Flash, also known as flashing, is excess material attached to a molded, forged, or cast product, which must usually be removed. This is typically caused by leakage of the material between the two surfaces of a mold (beginning along the parting line) or between the base material and the mold in the case of overmolding.

==Details==
Molding flash is seen when the optimized parameter on cull height is not calibrated. Proper design of mold parting surfaces can reduce or eliminate flash.

Molding flash can be caused from old or worn mold cavities that no longer fit tightly together. Other times, the complexity of the part requires so many mating pieces with such precise geometries that it is almost impossible to create a perfect fit on every impression. Most often, the type of material being molded, and its attendant viscosity in its liquid form, is the primary factor that leads to the creation of the unwanted mold flash.
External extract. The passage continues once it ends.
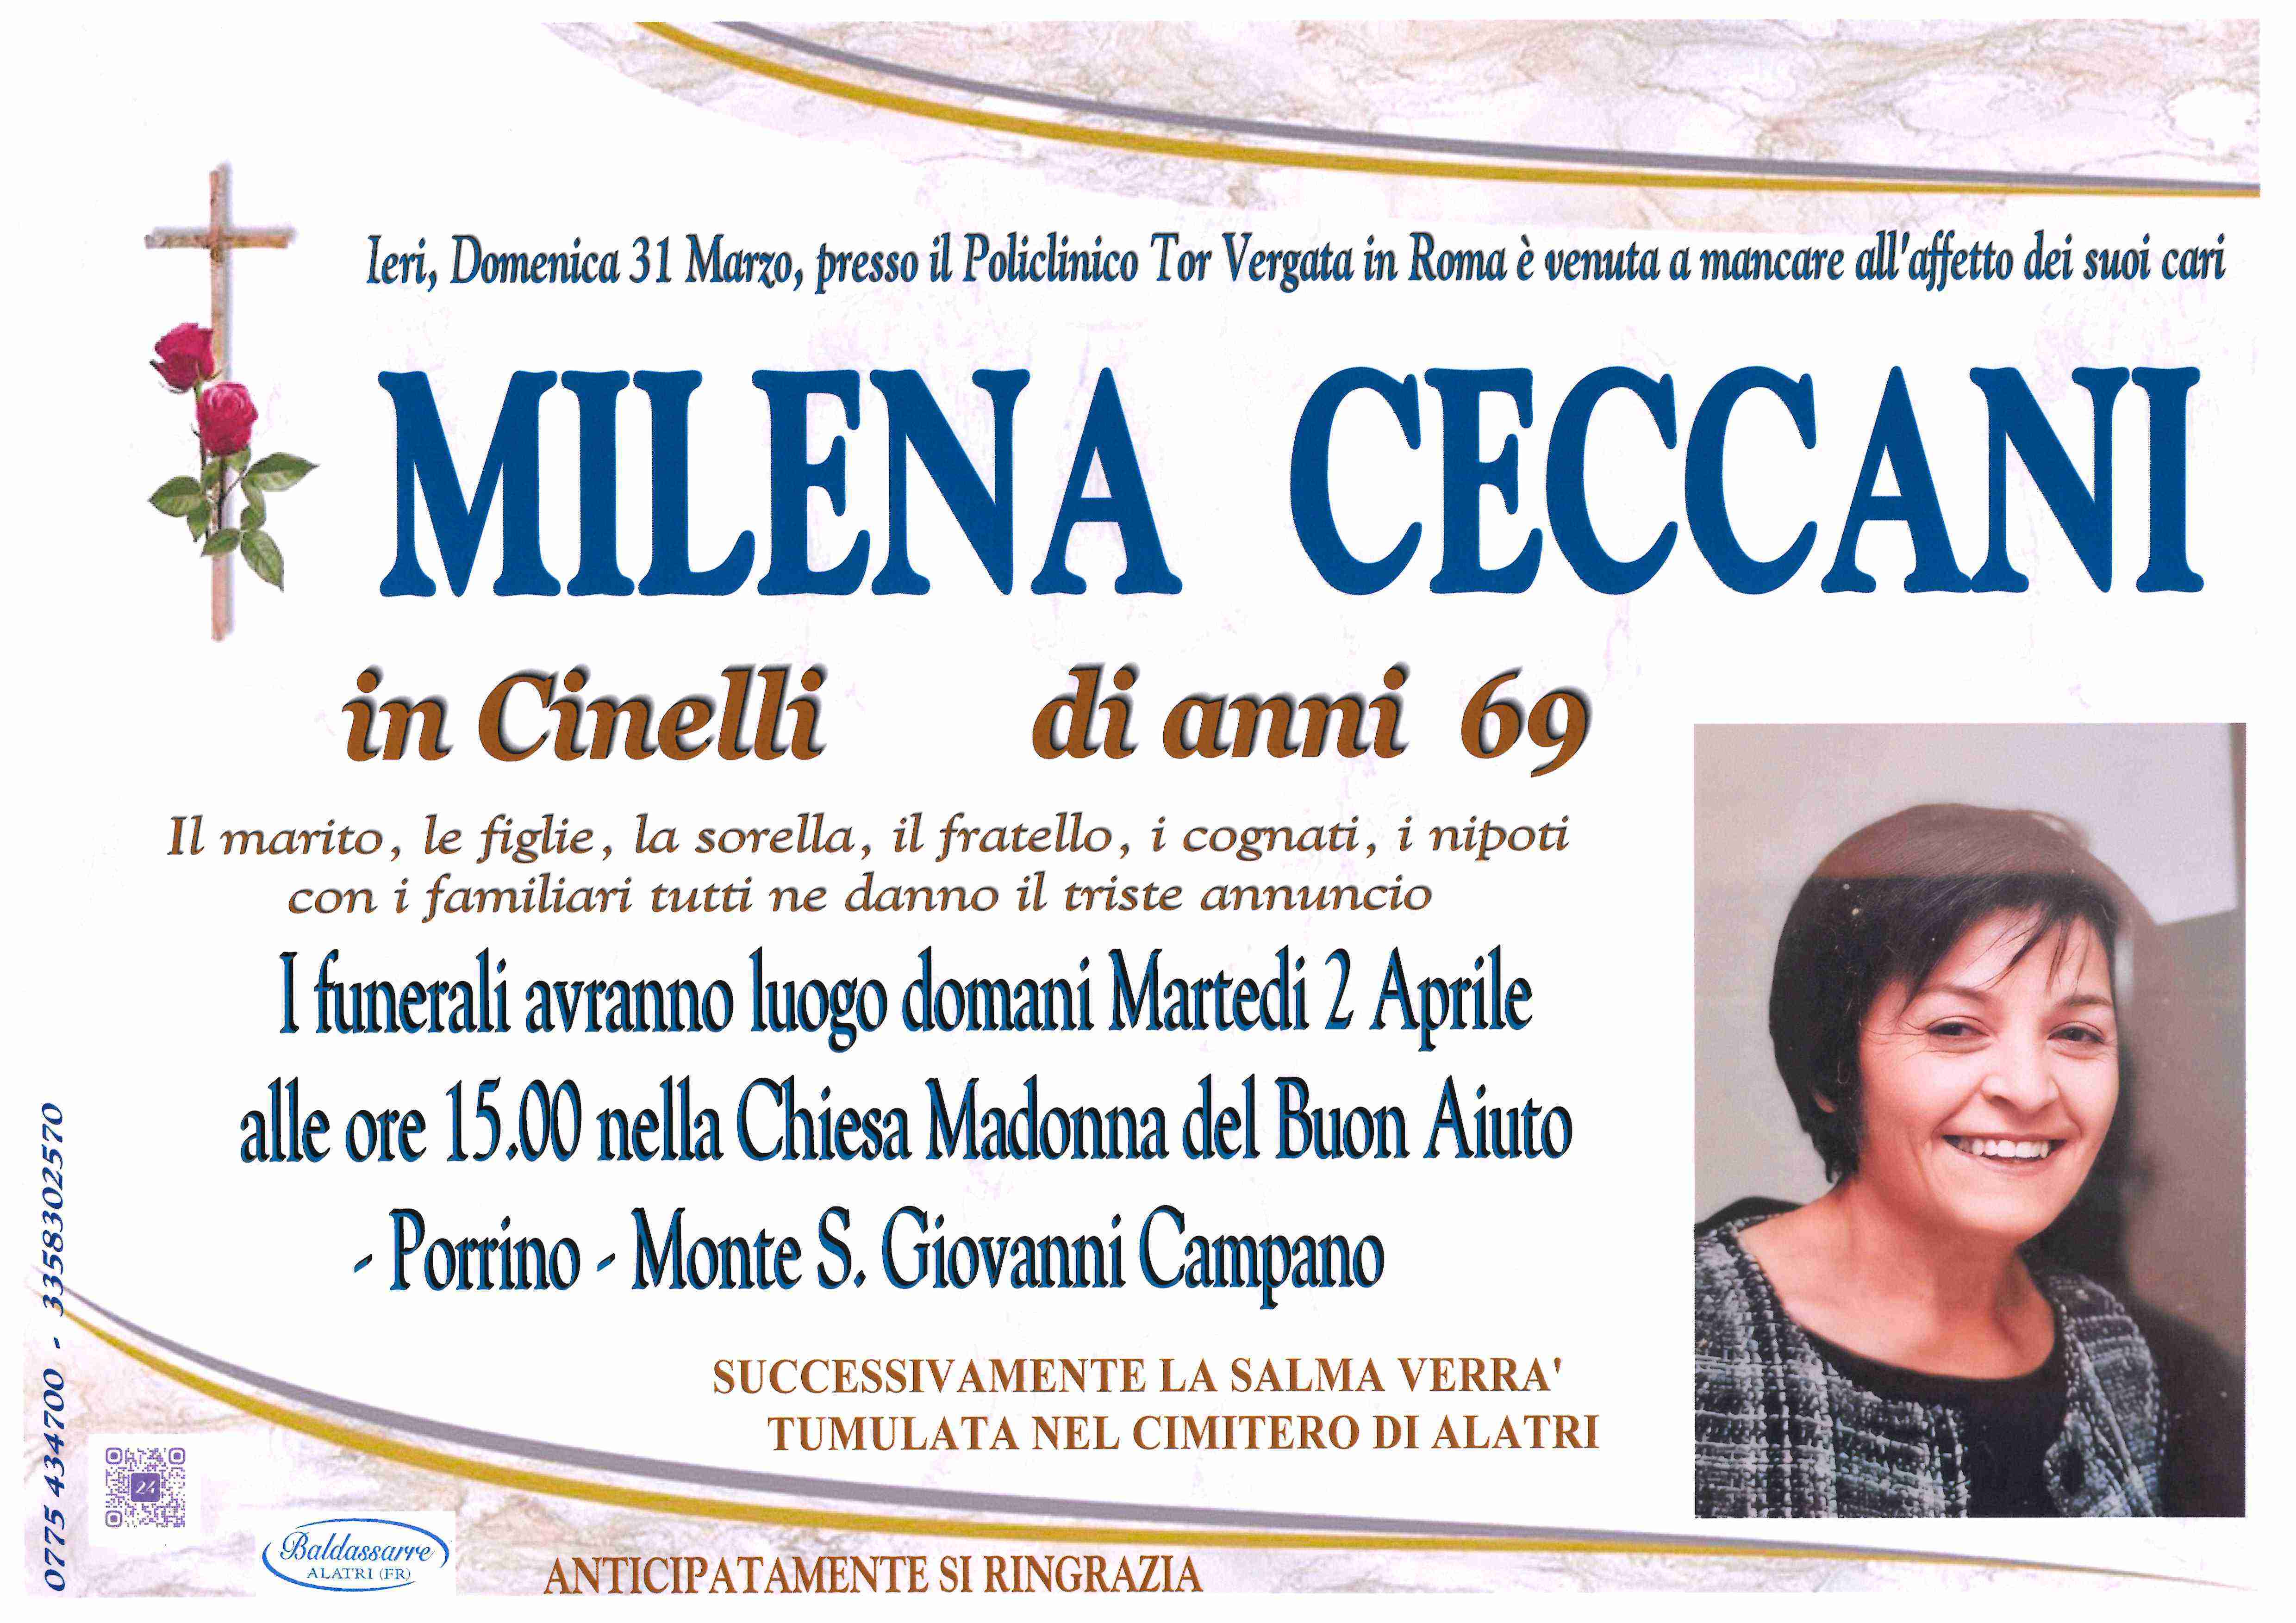 Milena Ceccani

The process of removing flash, known as deflashing, is commonly performed via cutting, breaking, grinding, or tumbling. Some foundries use robot autogrinders to remove this unwanted material. It is very typical for molders to have their operators trim flash with hand tools at the molding machine between cycles. Many molders and OEMs seek out the use of batch processes including vibratory tumbling, cryogenic deflashing or media blasting to remove unwanted flash from large batches of parts.

== Witness mark ==

In plastic injection, a faint mark called a witness mark (or witness line) will occur along the parting line. This is unavoidable and is usually accepted despite the minor aesthetics issue. However, some part surfaces (e.g. when used for sealing) cannot tolerate witness marks, and thus either the marks must be removed post-molding or the mold redesigned.